__WHAT YOU WILL DO__.
Full transcription, minus images: write out the listing below exactly as it appears.

__DATASET CONTENT__.
*-*-*
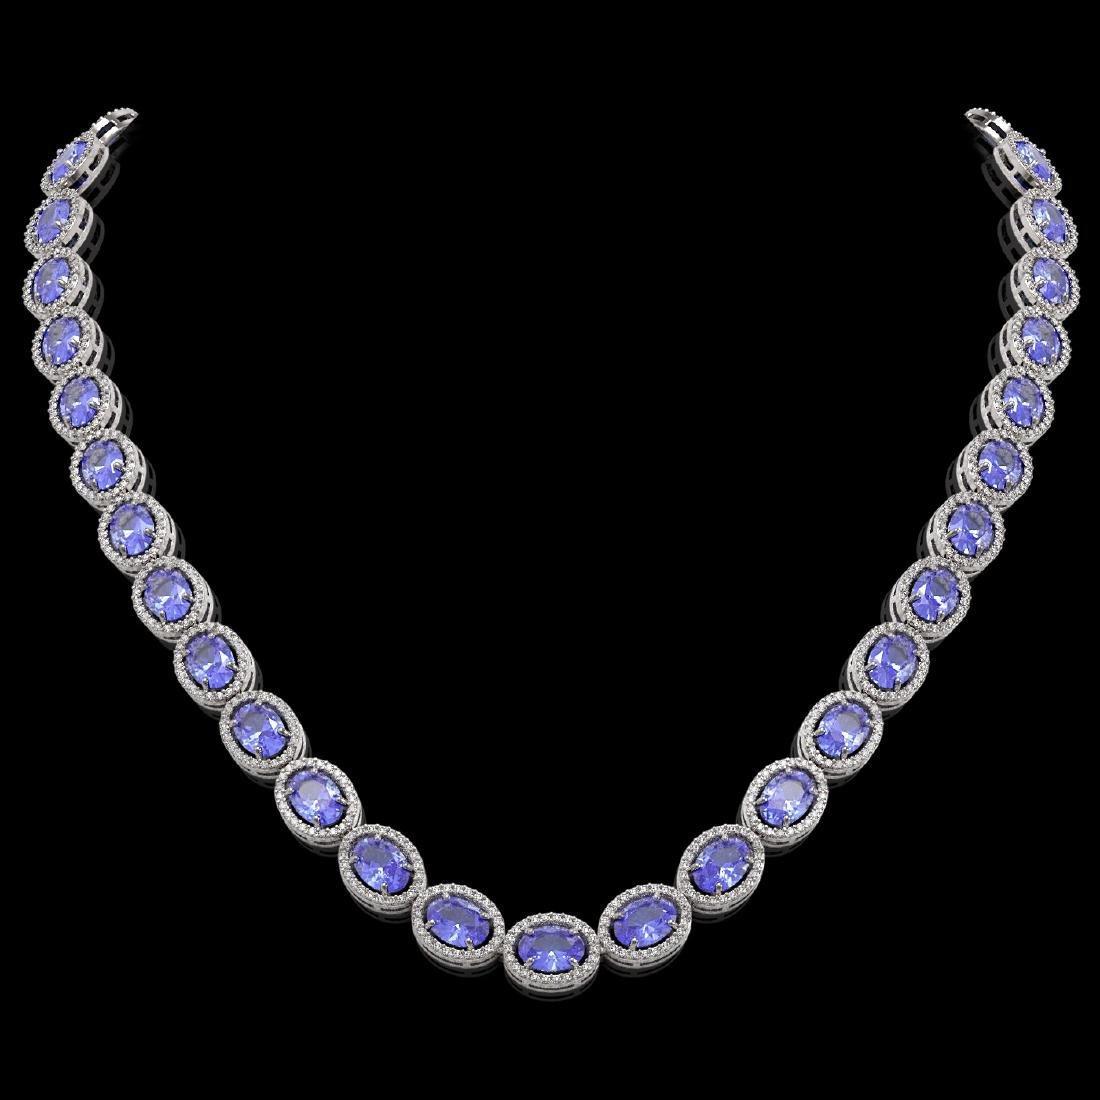 48.65 CTW Tanzanite & Diamond Halo Necklace 10K White
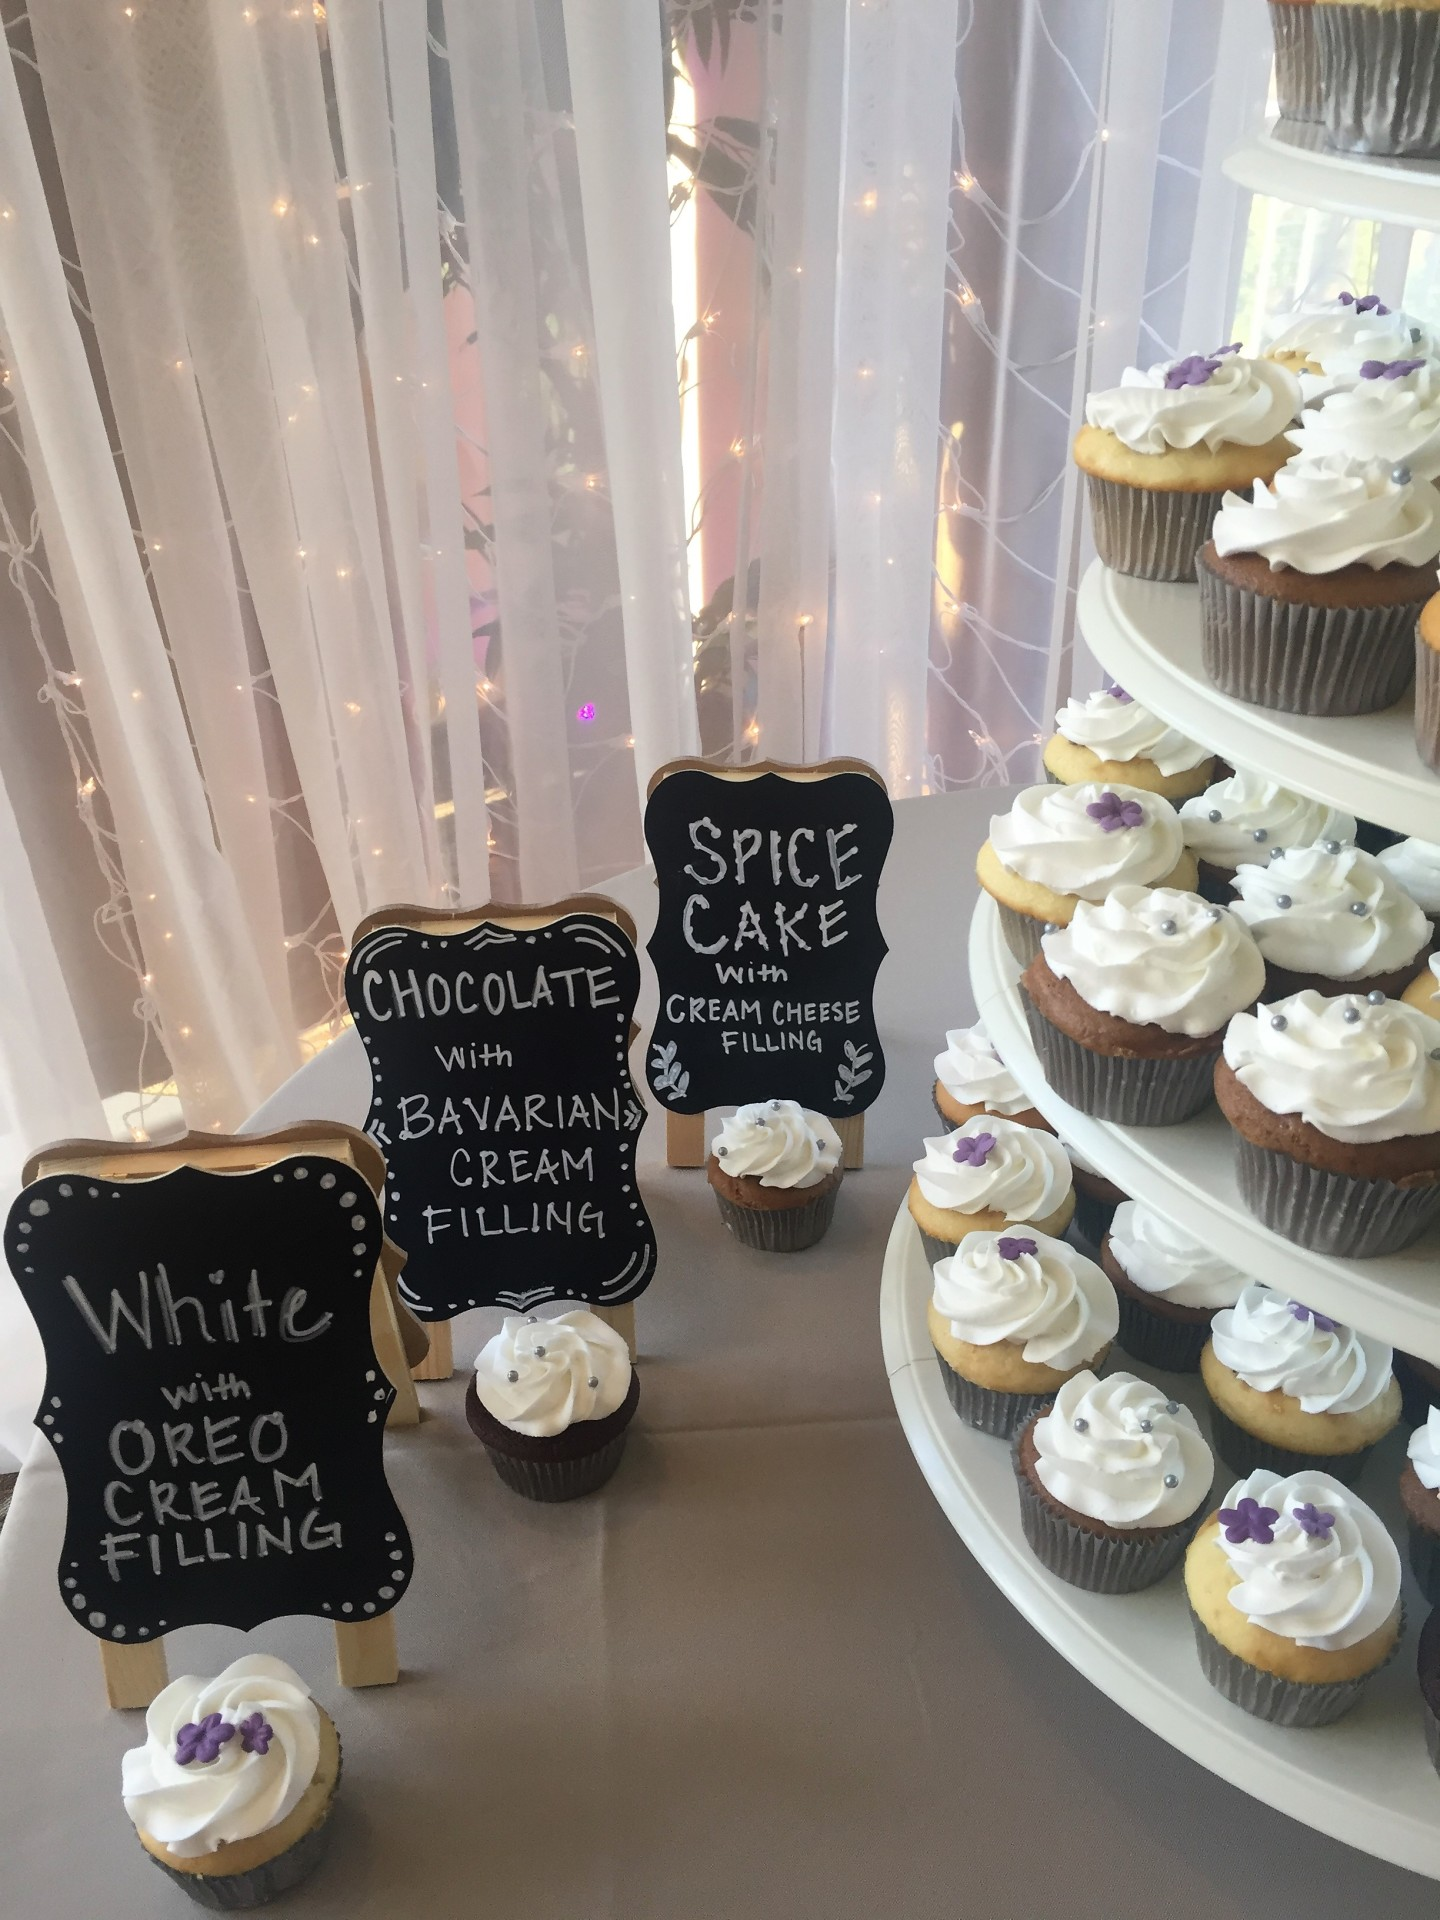 Cute cupcake signs
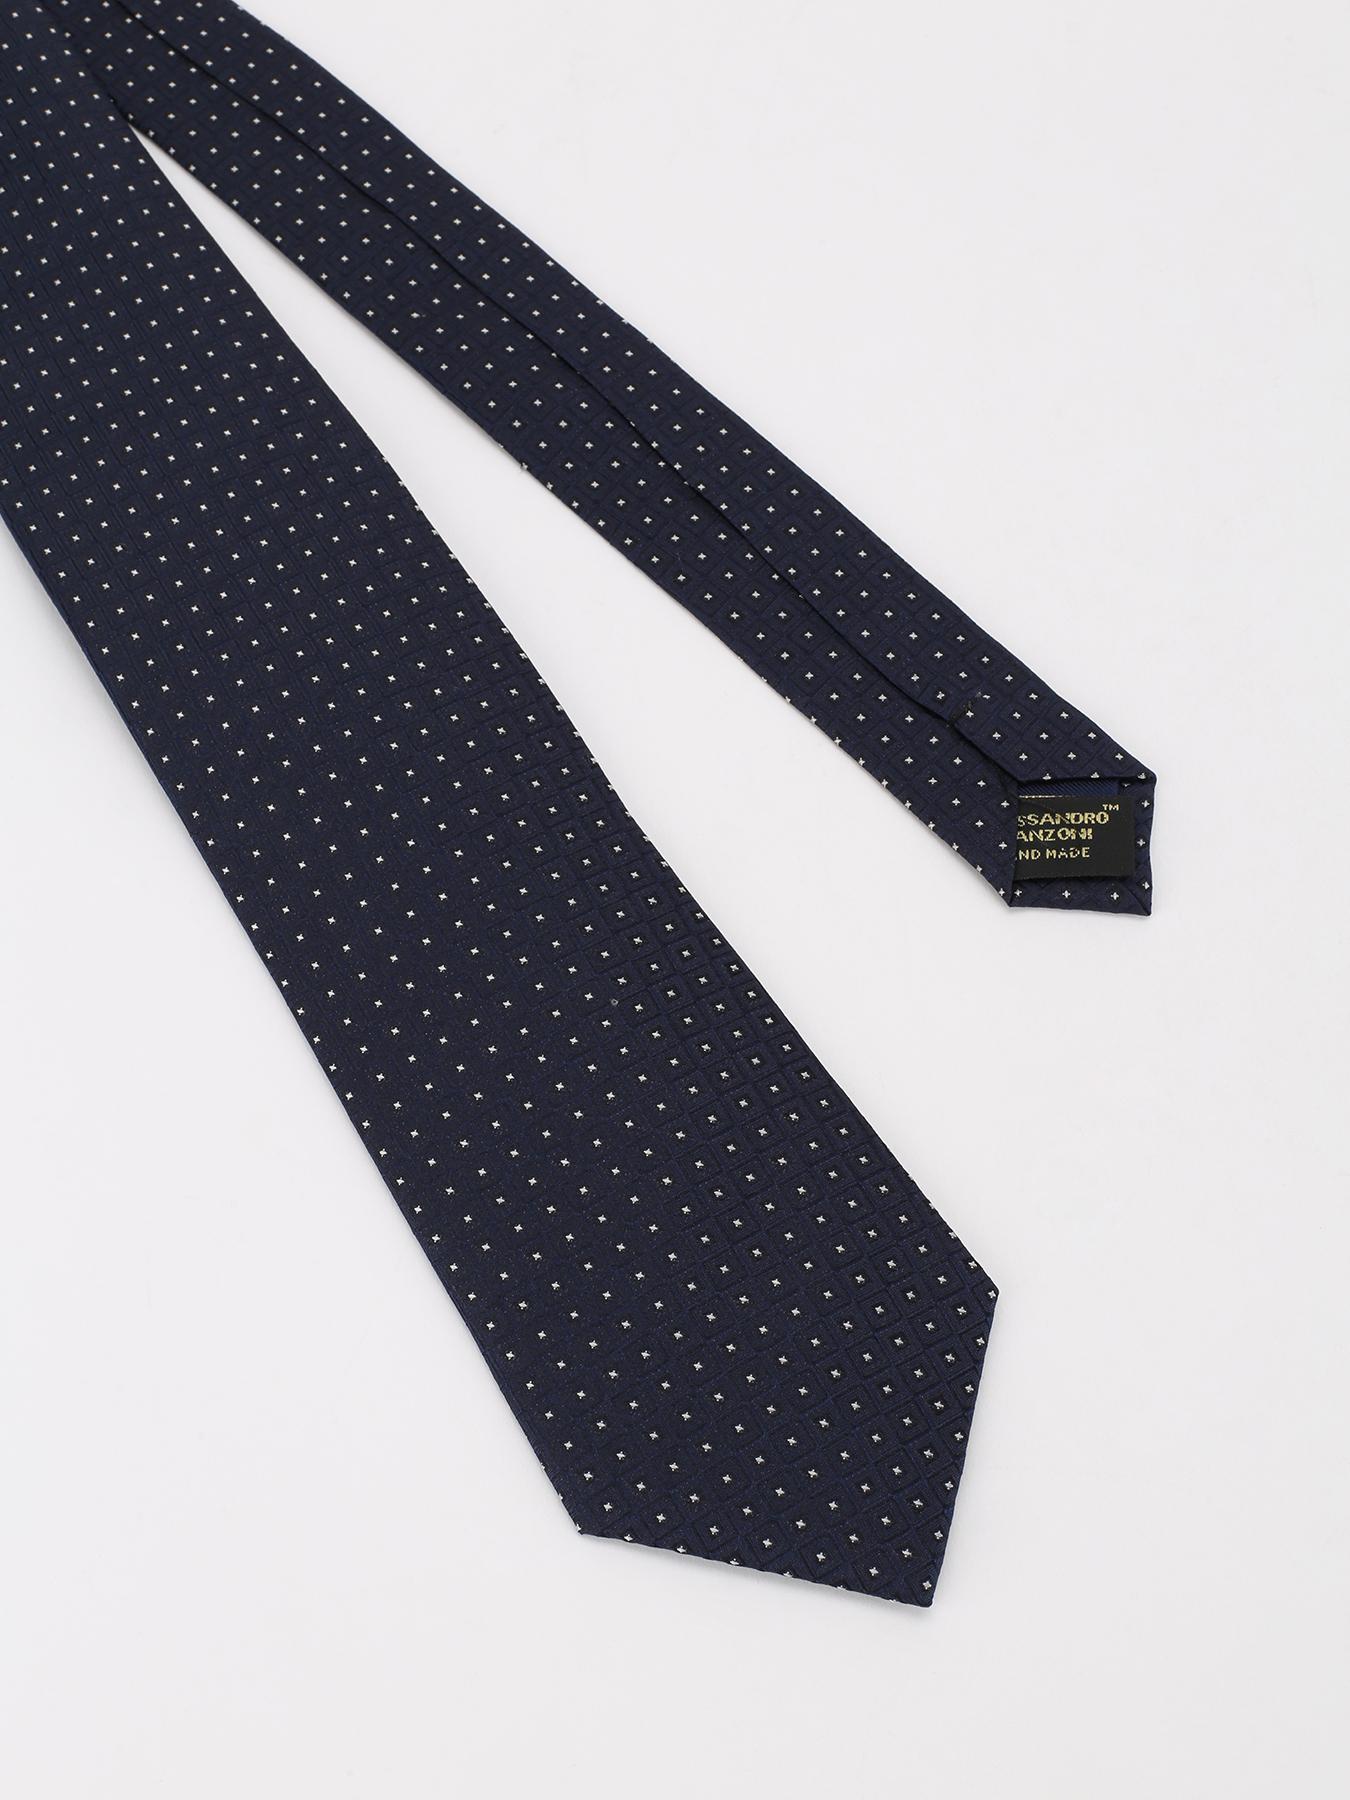 Alessandro Manzoni Шелковый галстук с узорами 324190-185 Фото 3
*-*-*
__SOLUTION FOR THIS PROBLEM__.
 48.65 CTW Tanzanite & Diamond Halo Necklace 10K White
 Cute cupcake signs
 Alessandro Manzoni Шелковый галстук с узорами 324190-185 Фото 3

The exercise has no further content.